The woodlands are in parts of Missouri, Arkansas, and Oklahoma in the Ozark-Ouachita Mountain Complex. Roach returned to the same locations three years in a row to monitor the bird populations over time.
The findings show that the restored pine woodland created an open canopy and a lush ground layer, and was ideal for allowing a balance between species that prefer less tree density and canopy cover with those that prefer more.
Several birds researchers observed thriving in this habitat are in decline elsewhere, including the red-headed woodpecker and the prairie warbler. The restoration affected only five species negatively, but they remain abundant in the untreated forests that still dominate the Midwest.
Researchers also isolated two management practices—controlled fires and tree thinning—to determine their individual effects on bird abundance. Eight of the 16 species of birds, including the red-headed woodpecker, were more numerous in areas with a history of fires, while four species benefited from thinning.
All kinds of birds
Taken together, the results suggest that restoring pine woodlands in conjunction with prescribed fires and tree thinning can create suitable habitats for a wide range of birds, Thompson says.
“Our study shows that restoration using fire and tree-thinning leaves large, widely-spaced trees for canopy-nesting species while allowing the development of grasses and shrubs for ground or shrub-nesting species,” he says.

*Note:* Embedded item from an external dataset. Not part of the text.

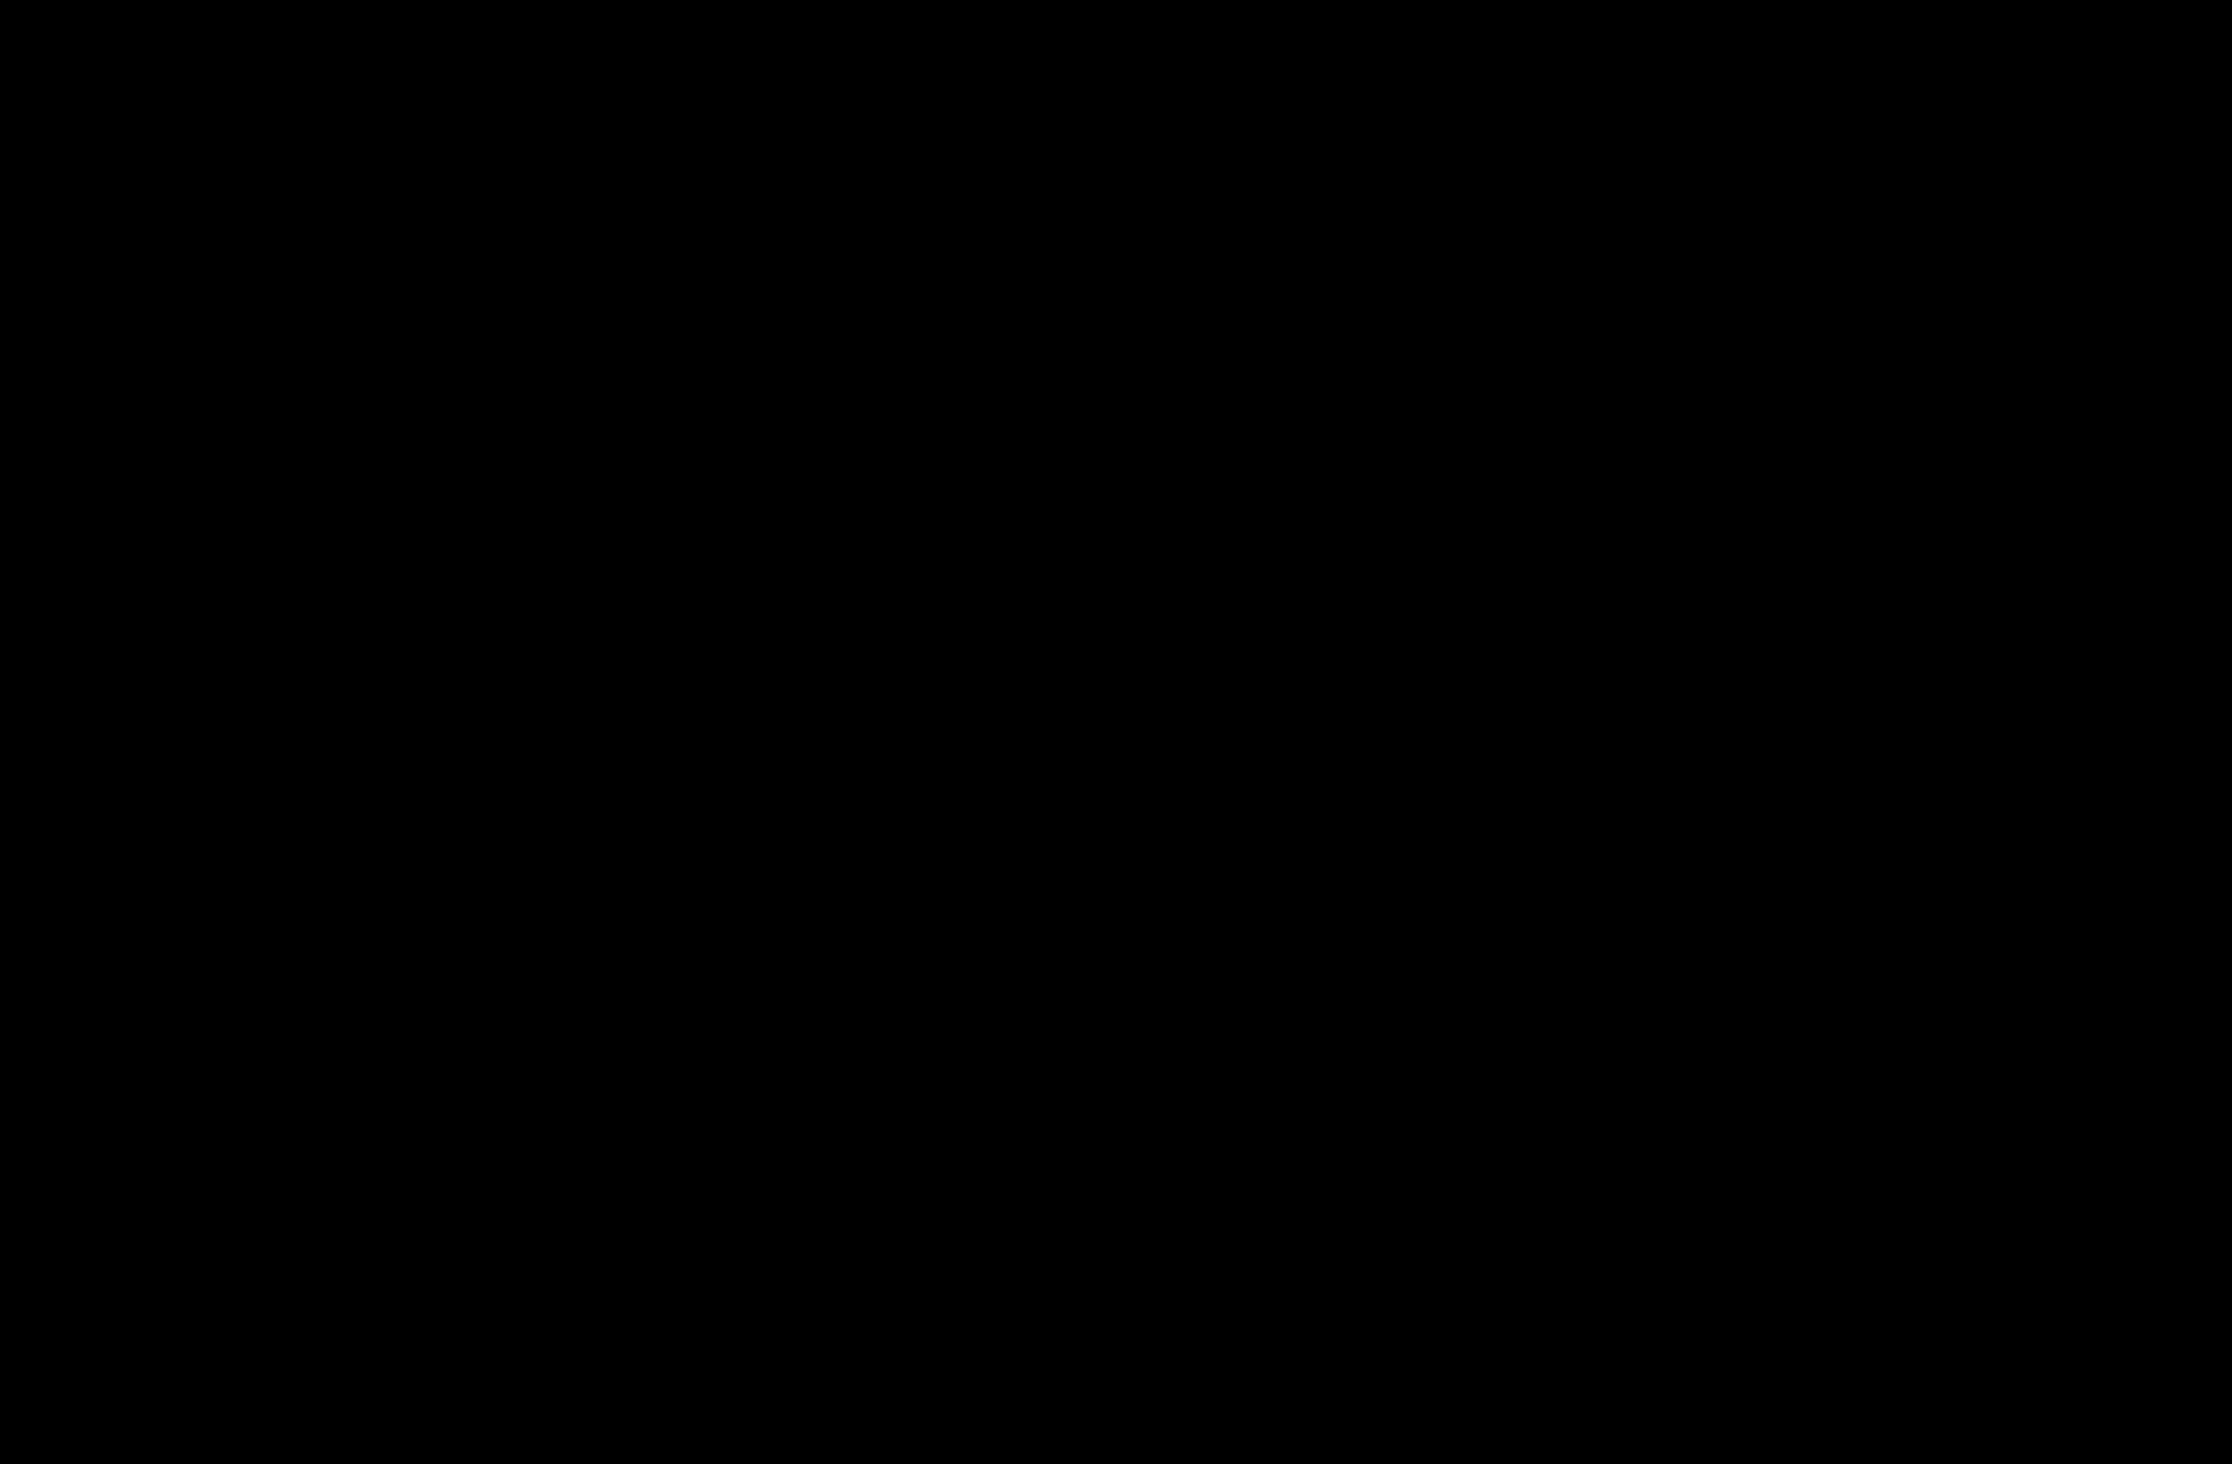 2232x1464 Diver Silhouette Clipart

“Given that we took care to survey birds with diverse breeding requirements, we can see that restored pine woodlands can support many different birds with different needs, whether they nest on the ground, in shrubs, or high in the canopies of mature trees. This is a powerful testament to the need to continue restoring these woodlands, which are also rich in plant diversity and likely more sustainable in many cases than closed forests under climate change.”
The study appears in Forest Ecology and Management. The US Department of Agriculture Forest Service Northern Research Station, Mark Twain National Forest, and Ouachita National Forest funded the work.